Gain of function conferred by selenocysteine: catalytic enhancement of one‐electron transfer reactions by thioredoxin reductase

Selenocysteine (Sec) is the 21st amino acid in the genetic code and it is present in a small number of proteins where it replaces the much more commonly used amino acid cysteine (Cys). It is both more complicated and bioenergetically costly to insert Sec into a protein in comparison to Cys, and this cost is most likely compensated by a gain of function to the enzyme/protein in which it is incorporated. Here we investigate one such gain of function, the enhancement of one‐electron transfer catalysis. We compared the ability of Sec‐containing mouse mitochondrial thioredoxin reductase (mTrxR2) to catalyze the reduction of bovine cytochrome c , ascorbyl radical, and dehydroascorbate in comparison to Cys‐containing thioredoxin reductases from D. melanogaster (DmTrxR) and P. falciparum (PfTrxR).

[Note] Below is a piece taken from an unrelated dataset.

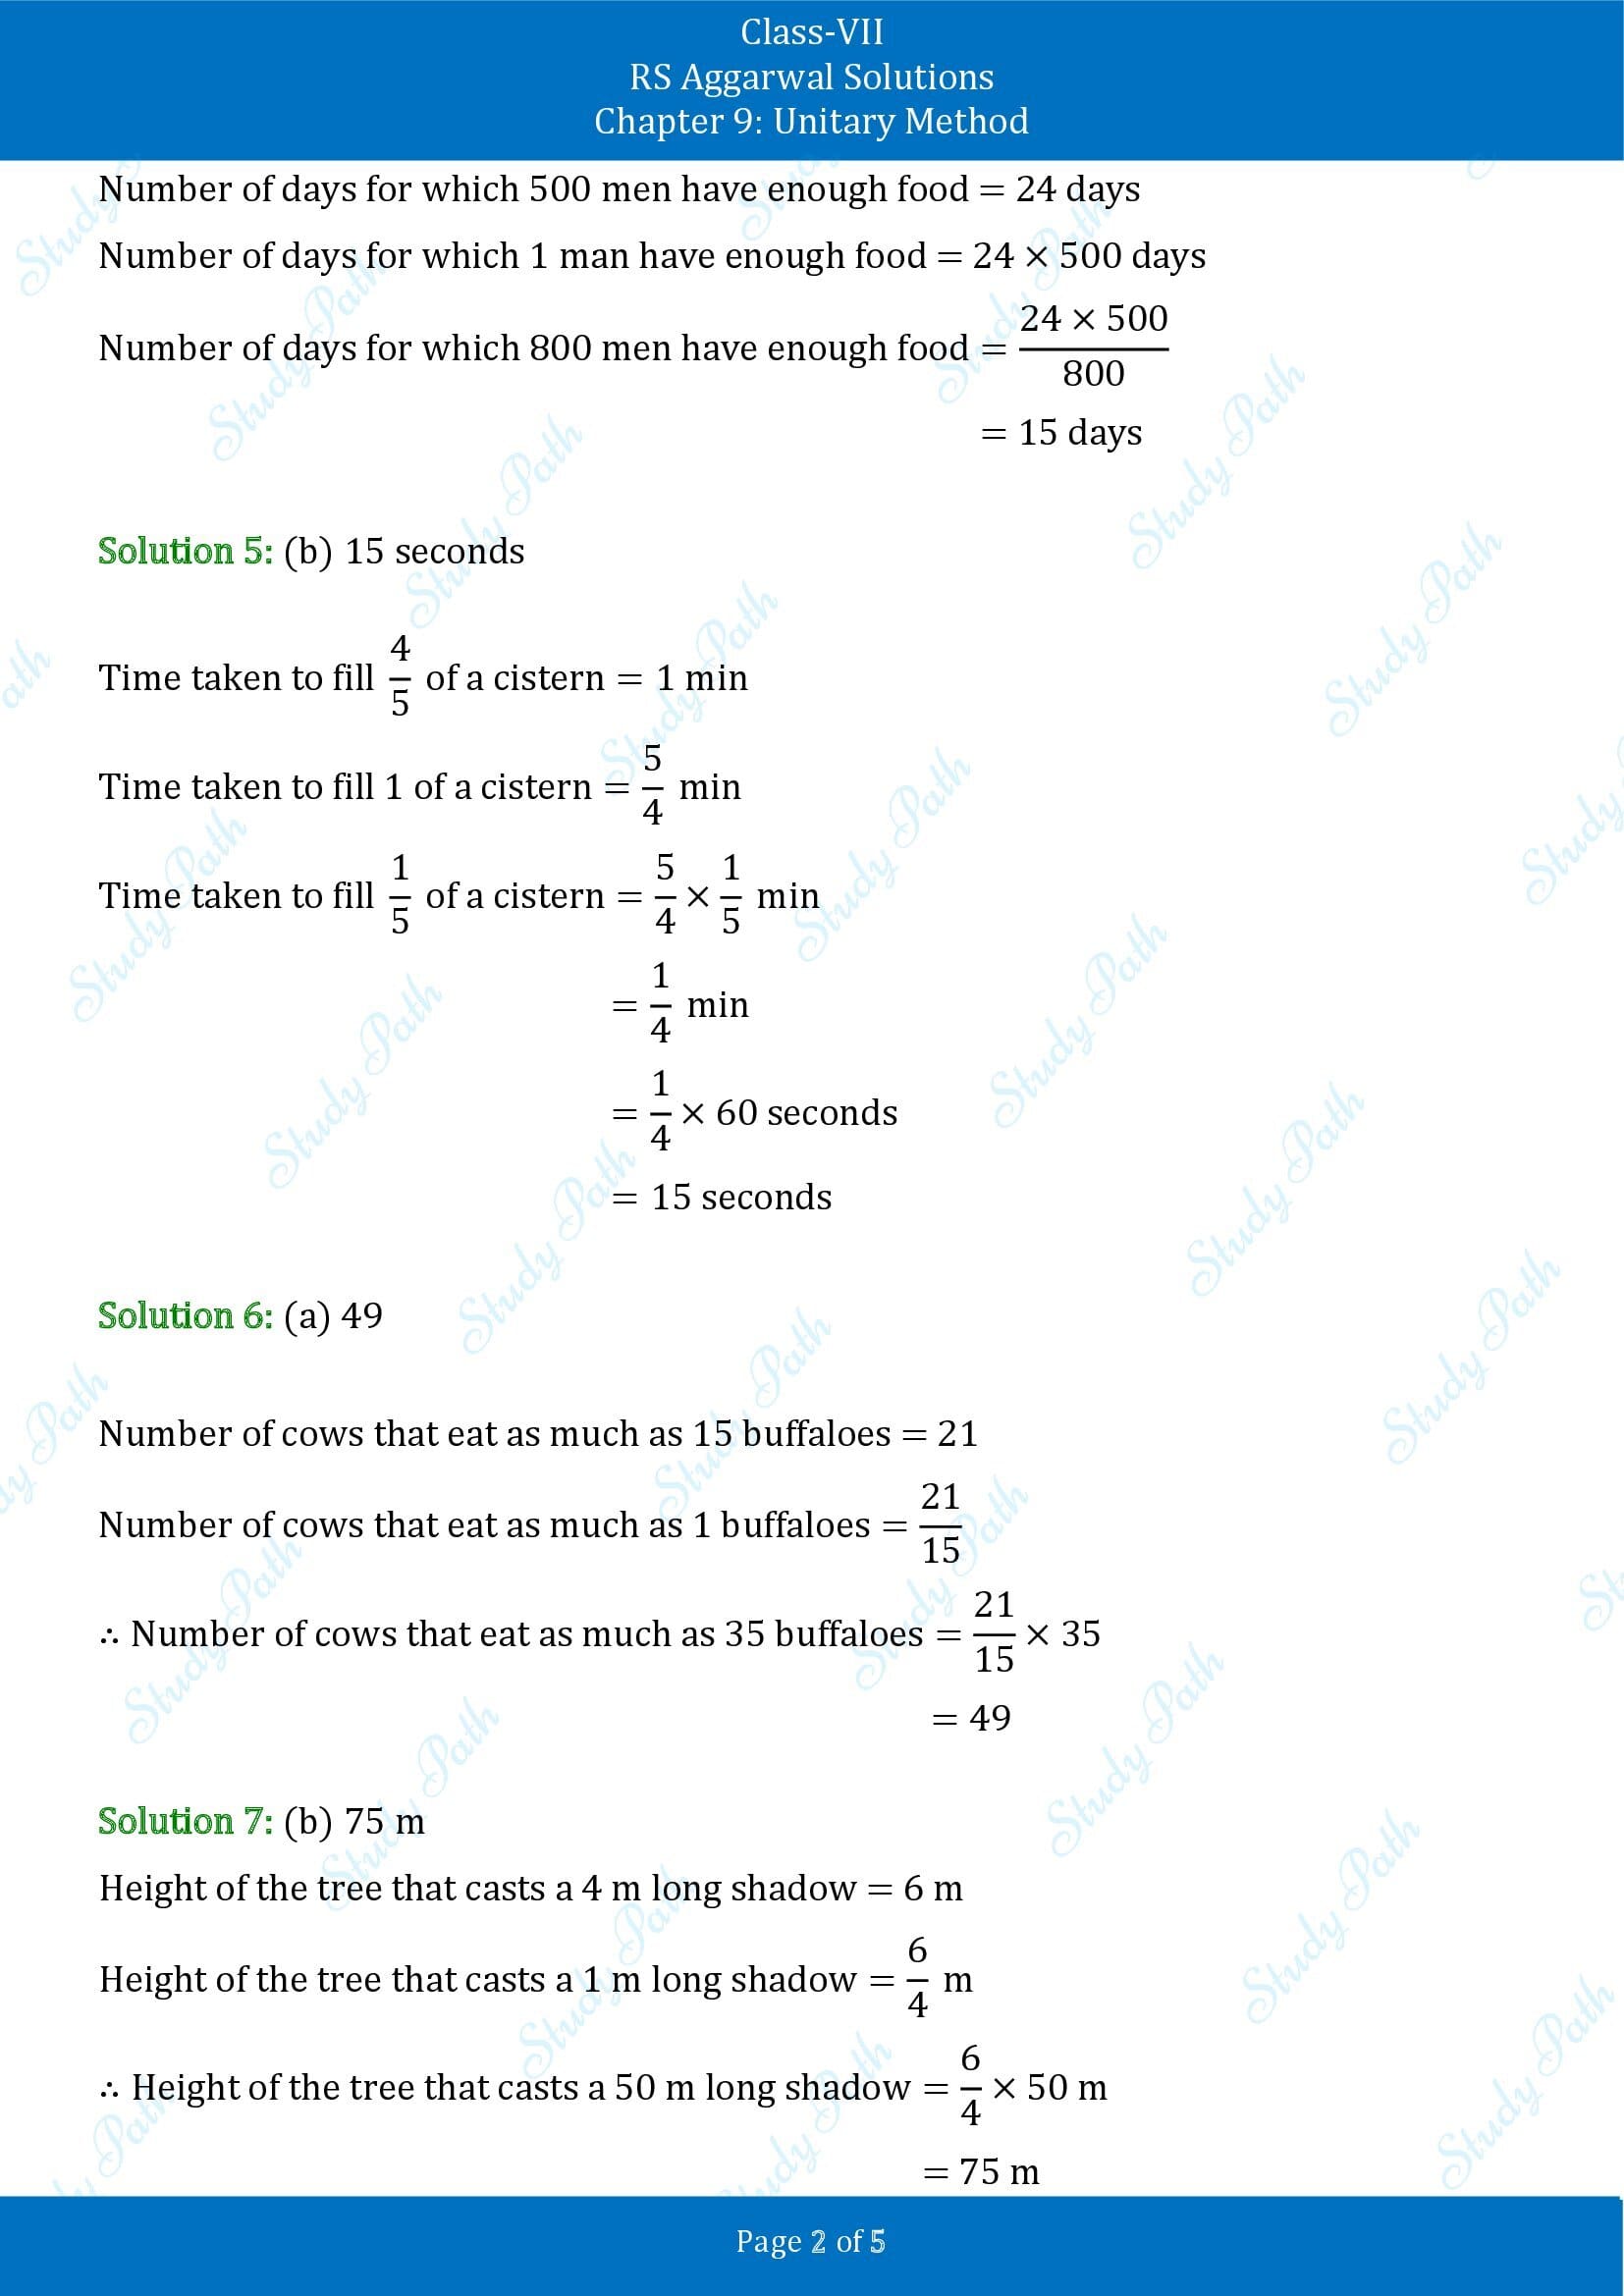 RS Aggarwal Solutions Class 7 Chapter 9 Unitary Method Exercise 9C MCQs 00002

The Sec‐containing mTrxR2 was able to reduce all three substrates, while the Cys‐containing enzymes had little or no activity. In addition, we constructed Cys➔Sec mutants of DmTrxR and PfTrxR and found that this substitution resulted in a gain of function, as these mutant enzymes were now able to catalyze the reduction of these substrates. We also found that in the case of PfTrxR, reduction of cytochrome c was enhanced five‐fold in a truncated PfTrxR in which the C‐terminal redox center was removed. This shows that some of the ability of thioredoxin reductase to reduce this substrate comes from the flavin coenzyme. We also discuss a possible mechanism by which Sec‐containing thioredoxin reductase reduces dehydroascorbate to ascorbate by two sequential, one‐electron reductions, in part catalyzed by Sec.